So the American president stood on the mound, kicking the rubber. He spent a few pensive moments grinding the ball between his fingers, finding the seams, doing his best imitation of a major league hurler.
If you've ever been to a game, you know that the night sky above the ballpark seems closer to you. It feels so close that you could almost reach up from your seat and touch it -- touch that black velvet stretching from horizon to horizon.
Last Thursday night, with the president throwing out the first pitch and opening World Series play in New York, no one had to reach up. That night sky came down upon Yankee Stadium -- upon the president -- and enveloped him the way the cheers of 50,000 fans enveloped him.
This single man, dwarfed by both the immensity of the field he stood on and the historic mission upon his shoulders, stood defiantly. He didn't have to be there that night. He didn't have to put himself in the open air. He didn't have to give one would-be assassin a clear shot under the stadium's hot lights.

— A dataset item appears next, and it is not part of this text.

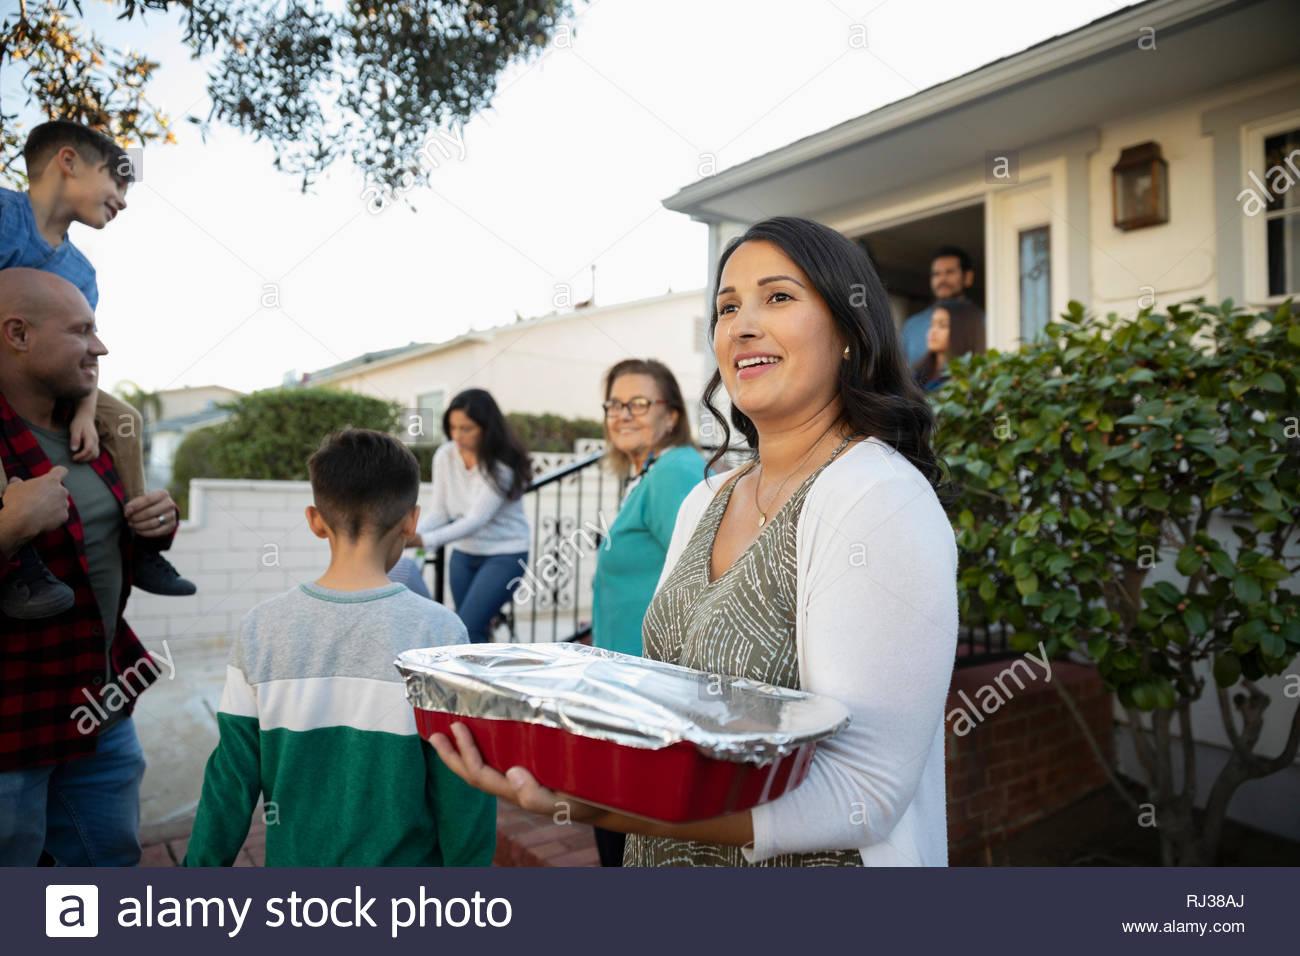 Femme Latinx avec cocotte au voisinage block party Photo Stock

But he was there. And because of that, what he put forth was a vision of surity, one as sure as the strike he threw across the plate.
In the sea of doubt and disillusion that has flowed from Sept. 11, what the president's throw said was that baseball is still here, even in the city of our greatest pain. And because baseball is still here, it's an undeniable symbol that we all -- as a nation -- are still here.
Baseball players will tell you that they feel small during these times, that they're just playing a boy's game in a cruel world which, at the end of the day, will mean little if anything at all.
But the players are wrong. Short of picking up a gun and shipping out, there is nothing more important they could be doing. One could say they're getting on with their lives just like any other working man, but it's more than that.
Because these athletes are not just playing for themselves. They're playing for every young boy who dreams to be where they are. They're playing for every man who still lives out the dreams he abandoned long ago in his mind. They play to keep these dreams going.
As bombs cut through the Afghanistan sky, Tino, Jeter and Brosius were sending their own bombs into the New York night, destroying despair and any notion of inner surrender to fear.
Because, in America, we still have heroes, we still have triumphs and we'll never run out of things to cheer for. Baseball reminds us of that.
The all of baseball history is a continuum. From spring to spring, from summer to summer and from autumn to autumn, it's as eternal a cycle as you'll find in our protean culture. We are a nation obsessed with newness, with leaving things not remembered for things soon to be forgotten.
But baseball is a sure thing, as sure as the sound of a home run as it leaves the bat. These teams, these players -- the story of one baseball season -- always stay the same. It's only the faces that change.
Today's Derek Jeter was yesterday's Joe Carter. Before that, it was Pudge Fisk.
Koufax and Drysdale have become Johnson and Schilling.
Rollie Fingers is not gone. Because he's still there on the mound, in Mariano Rivera, still closing out the ninth.
This genealogy stretches back too far and spreads too wide for my young mind to chart. But it doesn't need to be charted. Because what every generation before me witnessed is here again, happening again. The history of baseball truly -- and wonderfully -- repeats itself.
Those bottom-of-the-ninth shots launched into the New York night were less miracles than they were echoes. Echoes rippling from a thousand nights like these World Series nights when the hopes and dreams of a nation were poured into one game, one at-bat -- one marvelous hit.
The echoes keep coming back. They move throughout the country and grow in volume. They reach into every home with a TV set tuned to the game. They reach into every heart hinged to balls and strikes. We cling to the continuity they offer. It's a gauge by which we know who we are, a gauge which reminds us that we are not about to change.
We always return to baseball.
We return to it like a monument. We pass it down like an heirloom. We cherish it like an old family story that never seems old.
After two months of horror, Arizona and New York gave us a week of wonder. But it wasn't magic driving these games.
It was history. A baseball century moving undeniably into the next. The American Spirit moving right beside it. Alex Wong is a senior English major from Wyckoff, N.J.